The Paris Court of Appeals has decided in favour of transferring Kabuga to Arusha for trial over his role in the 1994 Rwandan genocide.

He will be handed over to the Mechanism, a UN body responsible for trying Rwandans indicted by the International Criminal Tribunal for Rwanda (ICTR) in the Rwandan civil war.

The Court’s President, Judge Pascale Belin, ruled that even in Tanzania, Kabuga could get medical services he is now enjoying in France.

His lawyer, Laurent Bayon, had told the Court that Kabuga was ill and sees a doctor almost each day and that the eight hours flight to Tanzania may jeopardise his health as well as search for truth about his involvement in the genocide. He is currently on a wheel chair.

“There is no evidence that Félicien Kabuga’s condition is incompatible with his detention or transfer. No objective reason to doubt that the Mechanism is able to provide Félicien Kabuga with the same medical guarantees (in Tanzania) as those currently offered in France,” said the judge.

Kabuga had expressed his preference for trial in France. His attorneys made the claim that their client’s ill health and advanced age would have prohibited his being moved to another country.

Kabuga was arrested on May 16 in Asnieres-sur-Seine in the Hautes-de-Seine department outside of Paris.

A fugitive on the run for 26 years who had adopted a false identity, the 84-year-old is known as the financier of the Rwandan genocide.

An arrest warrant had been issued in his name by the Mechanism with a $5 million reward.

While the road to a possible trial is still long for him, the Paris Court of Appeal that was responsible for ruling on the validity of the arrest warrant, ordered the transfer of Kabuga to the Mechanism that has an office in Arusha and another in The Hague, the Netherlands on 3 June.

The mass slaughter of rebel Tutsi and Hutu forces by the Rwandan government, known as the Rwandan genocide, spawned a civil war during the spring and summer of 1994 that killed between 500,000 and one million people.

Kabuga had been indicted by a tribunal in 1997 on seven separate counts, one of which was genocide.

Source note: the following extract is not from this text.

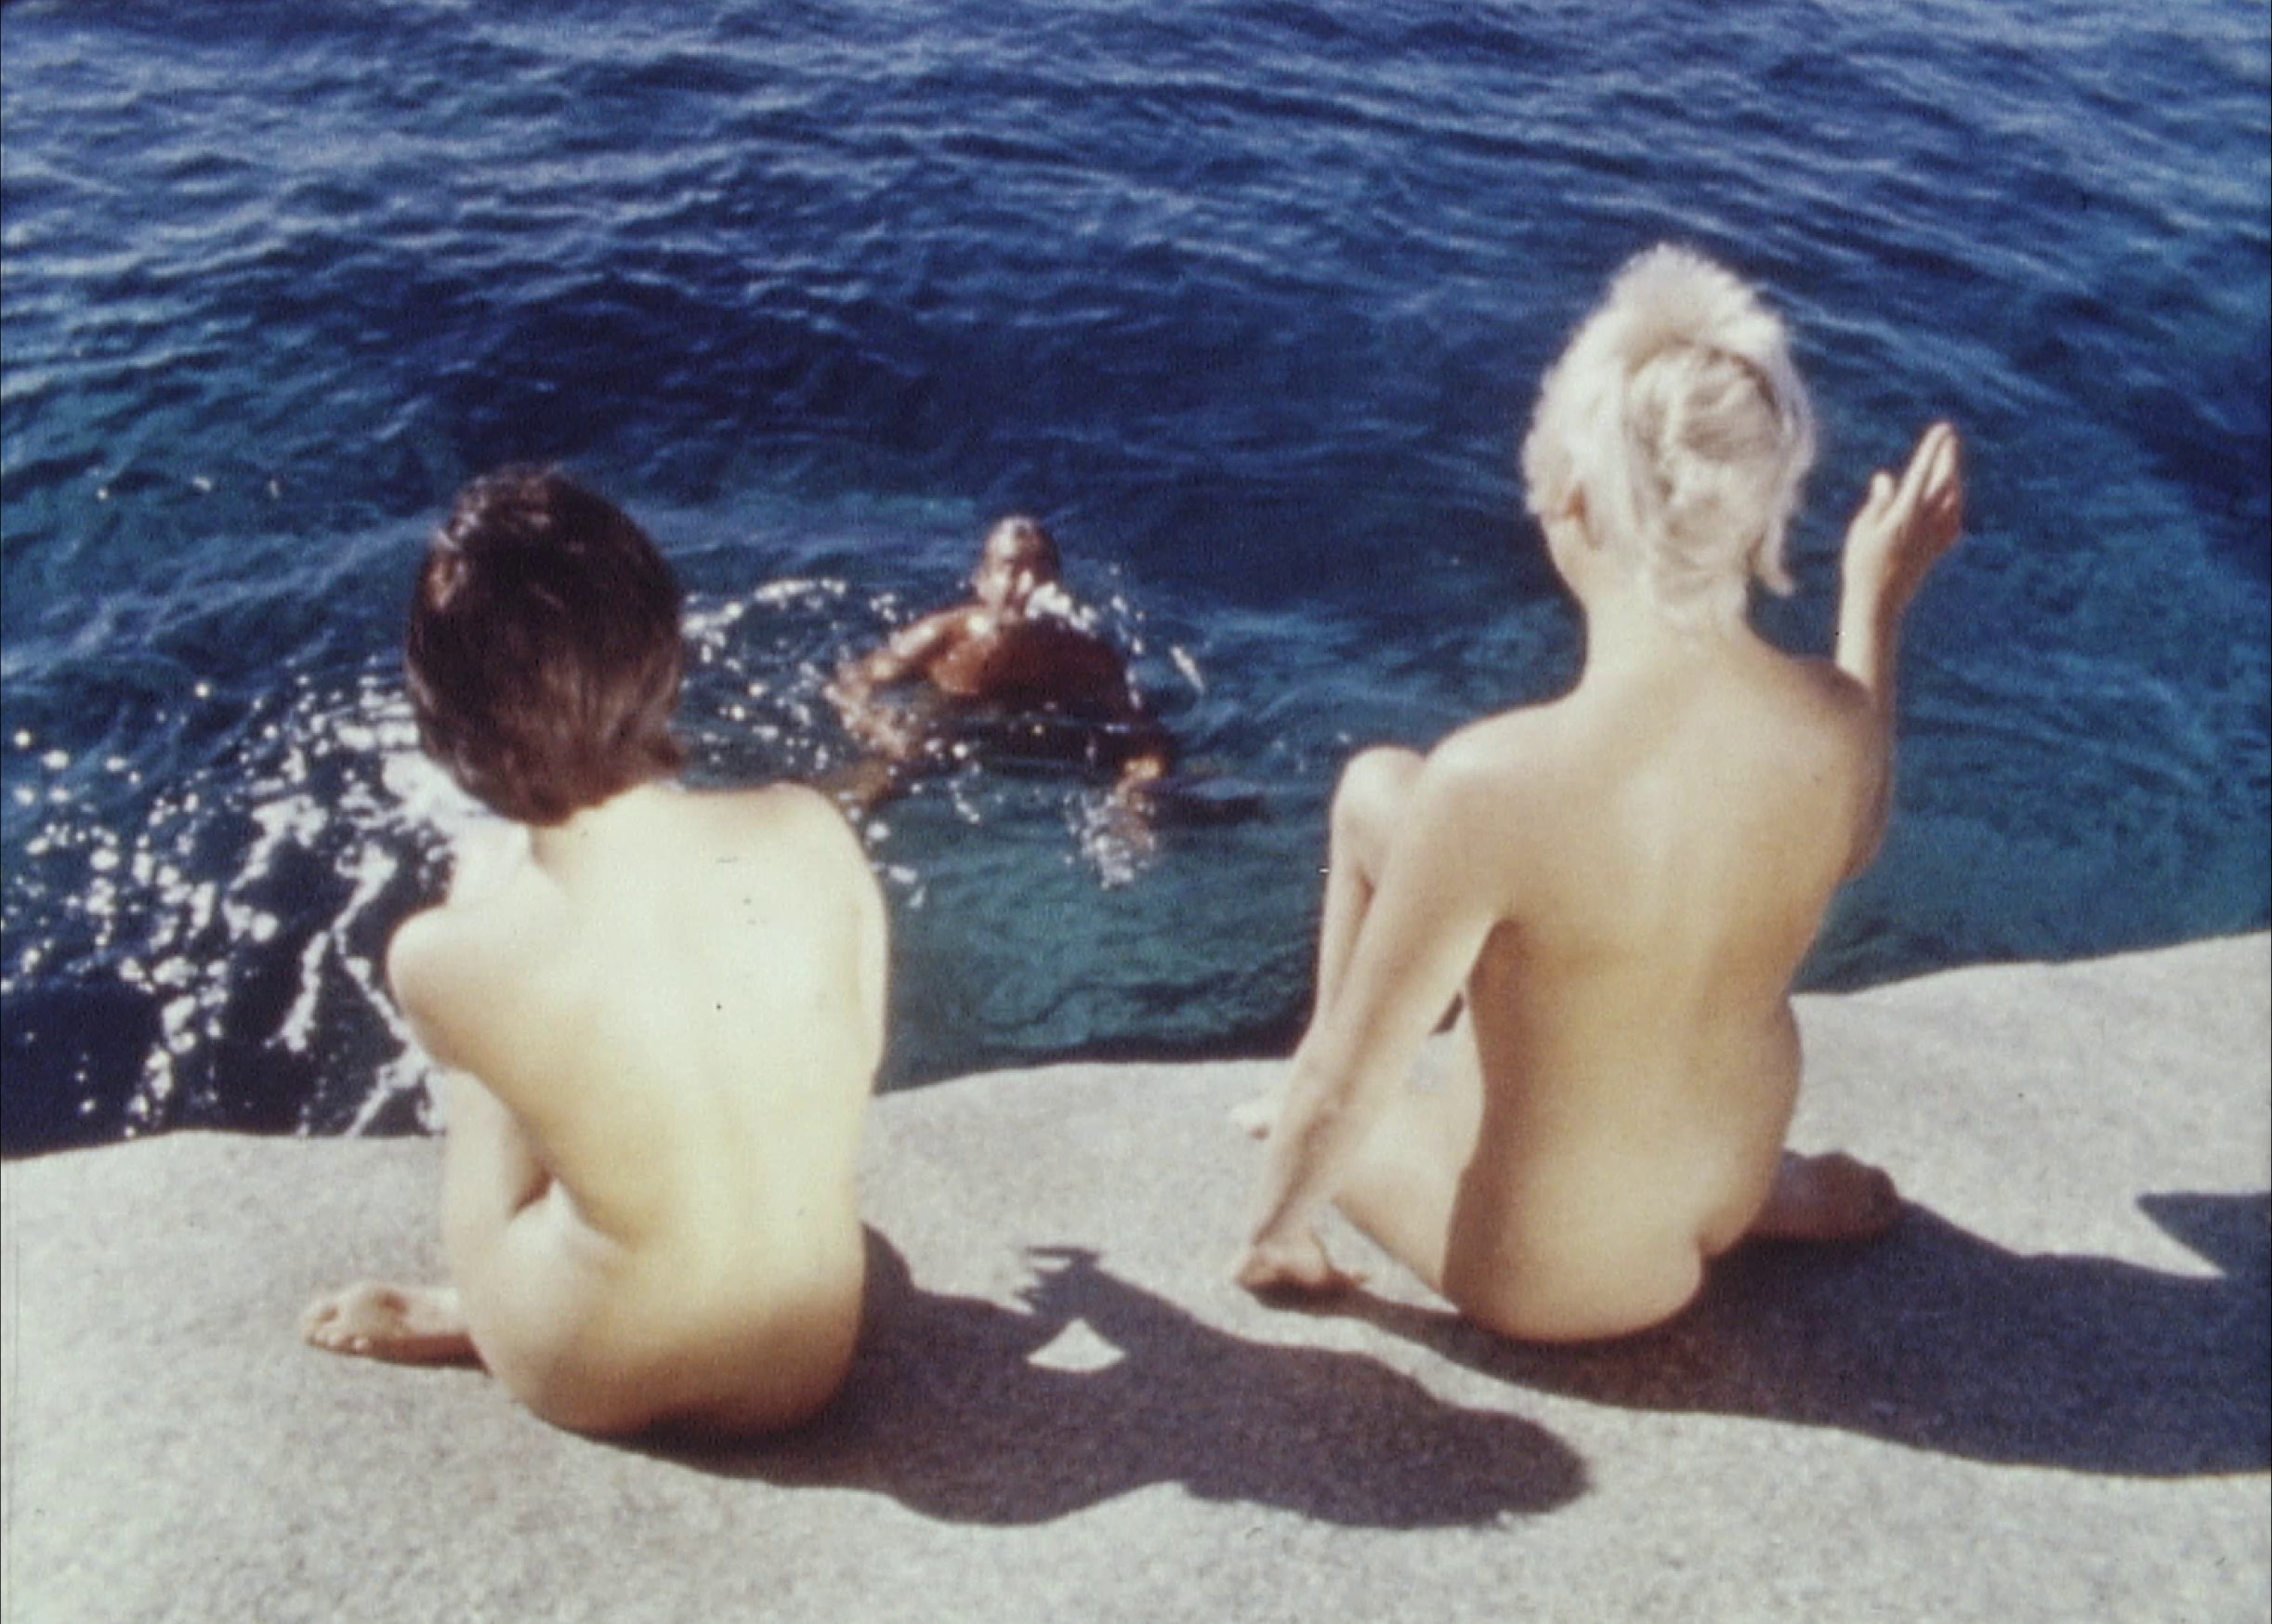 Sun-drenched nudist films from the 50s and pic

The decision of the Paris Court on Arusha trial comes few days after The Mechanism Judge William Sekule, sitting at Arusha, decided that Kabuga be transferred and tried at the Arusha Branch of the Mechanism and not The Hague.

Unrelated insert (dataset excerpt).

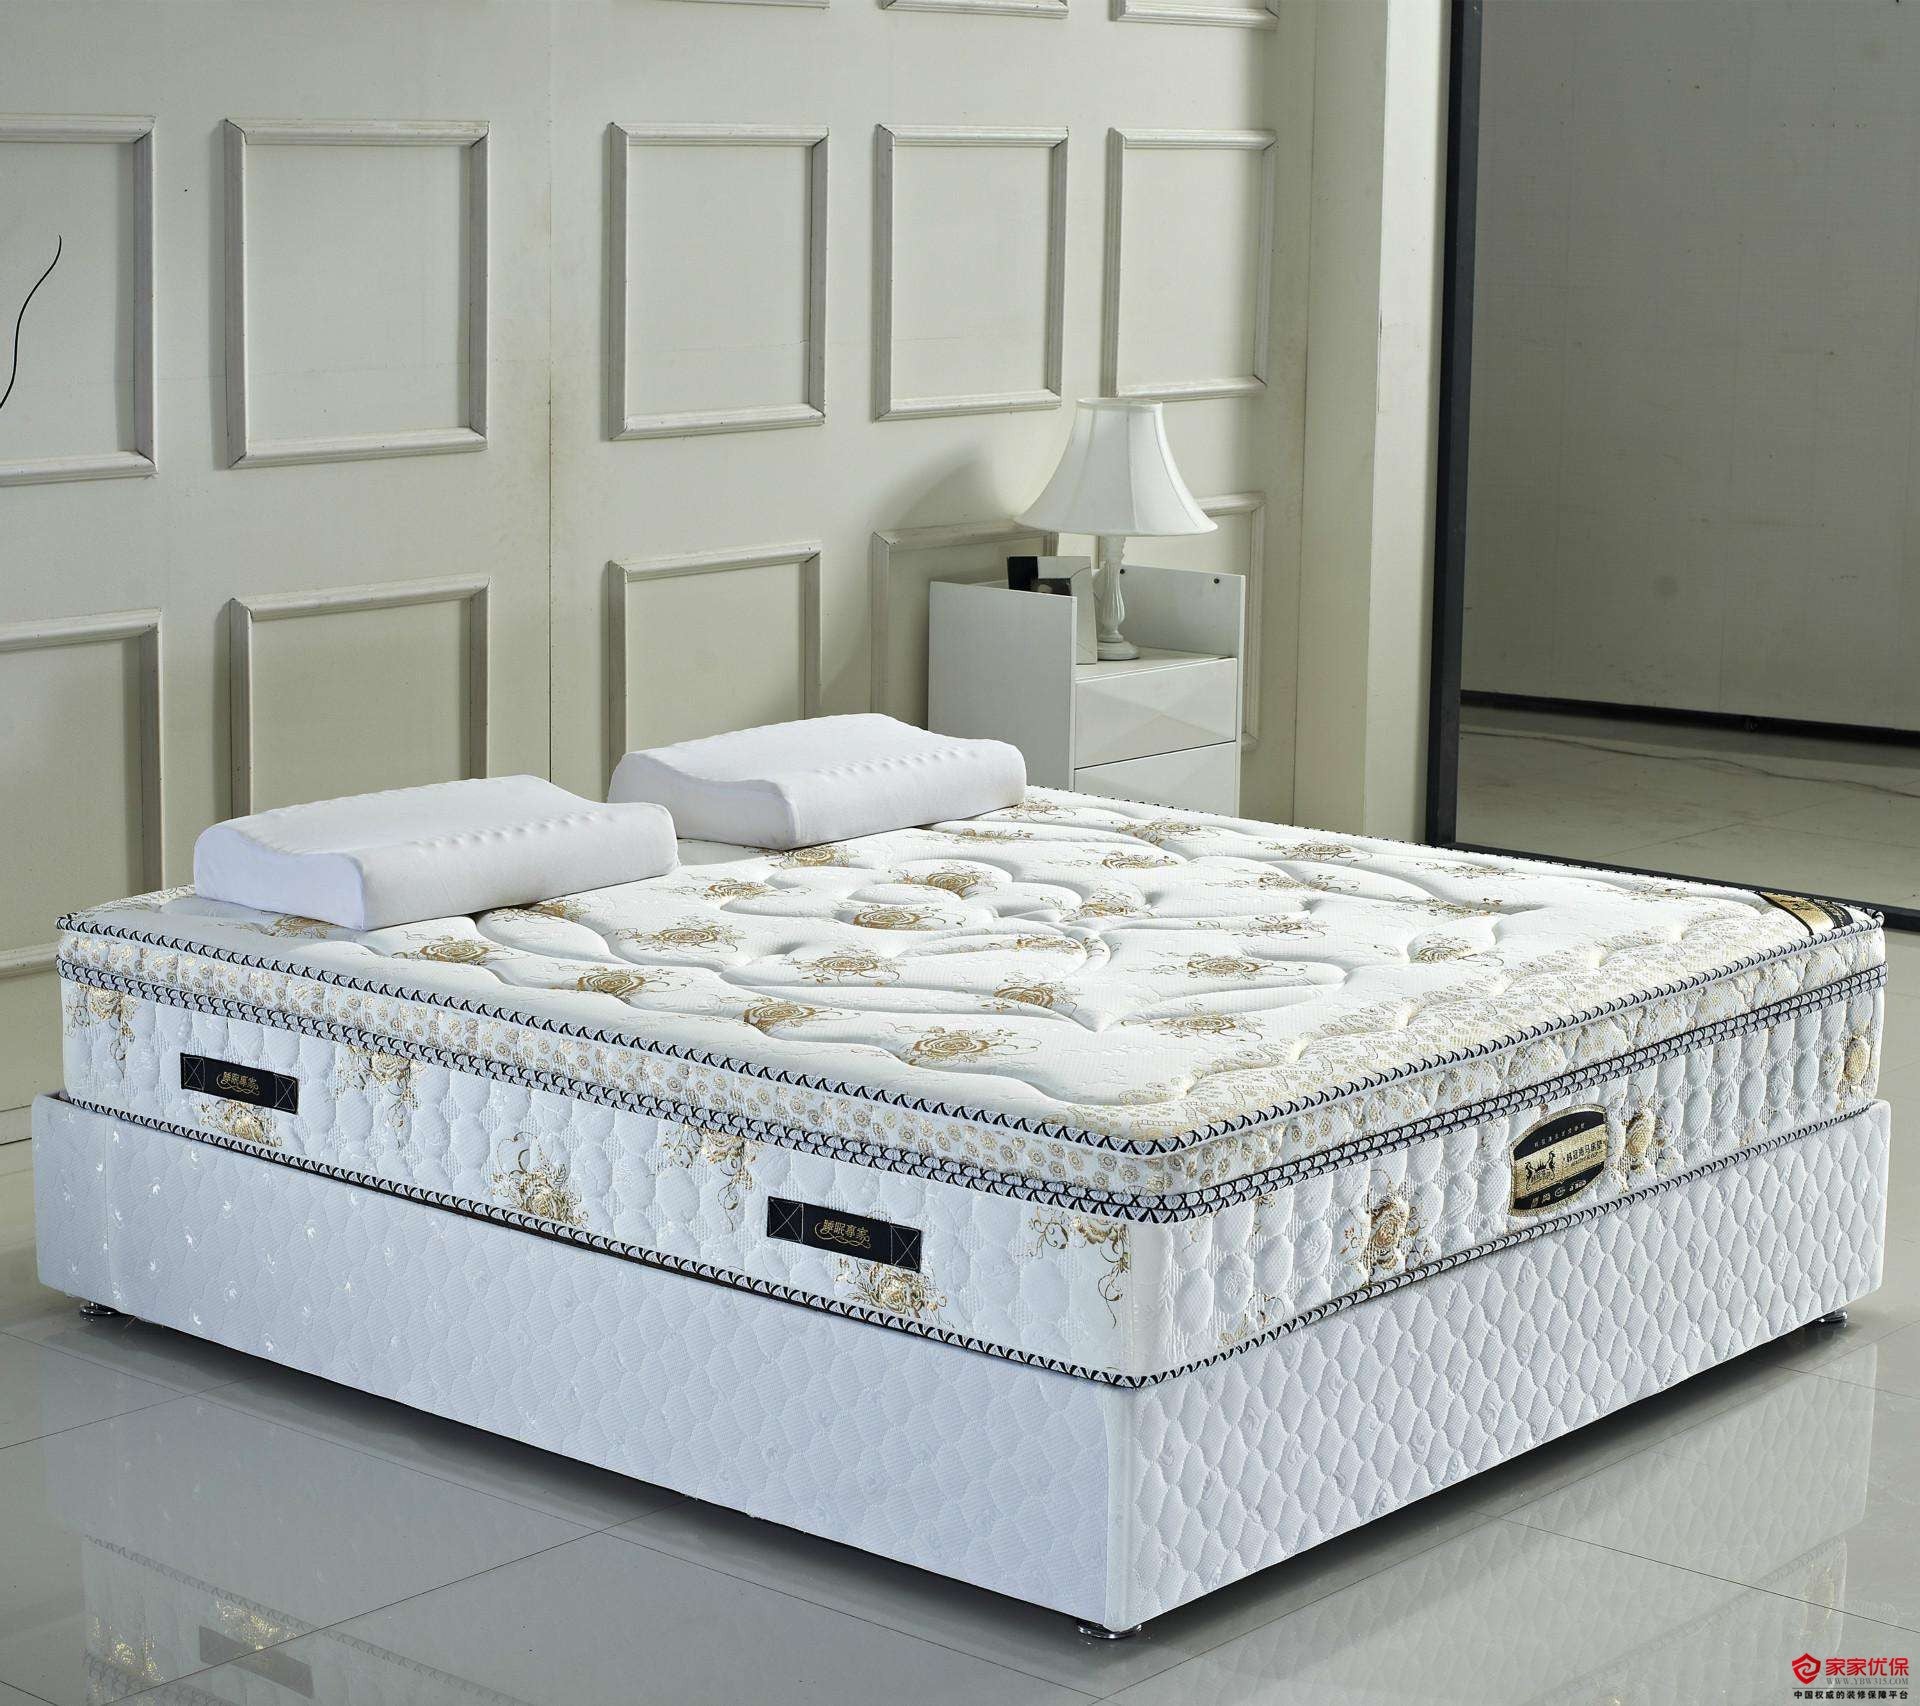 What Kind of Mattress Will You Buy?

He was reacting to a motion by the Mechanism Prosecutor Serge Brammertz that was seeking to amend arrest and order for transfer of Kabuga so that he is transferred to The Hague, Netherlands, due to Covid-19 that has caused restrictions in movement and transport.

Dismissing the motion, Judge Sekule said the motion was not sufficiently supported and that if transfer to Arusha from France where he was arrested and is being detained is not possible at the relevant time, appropriate relief may be sought.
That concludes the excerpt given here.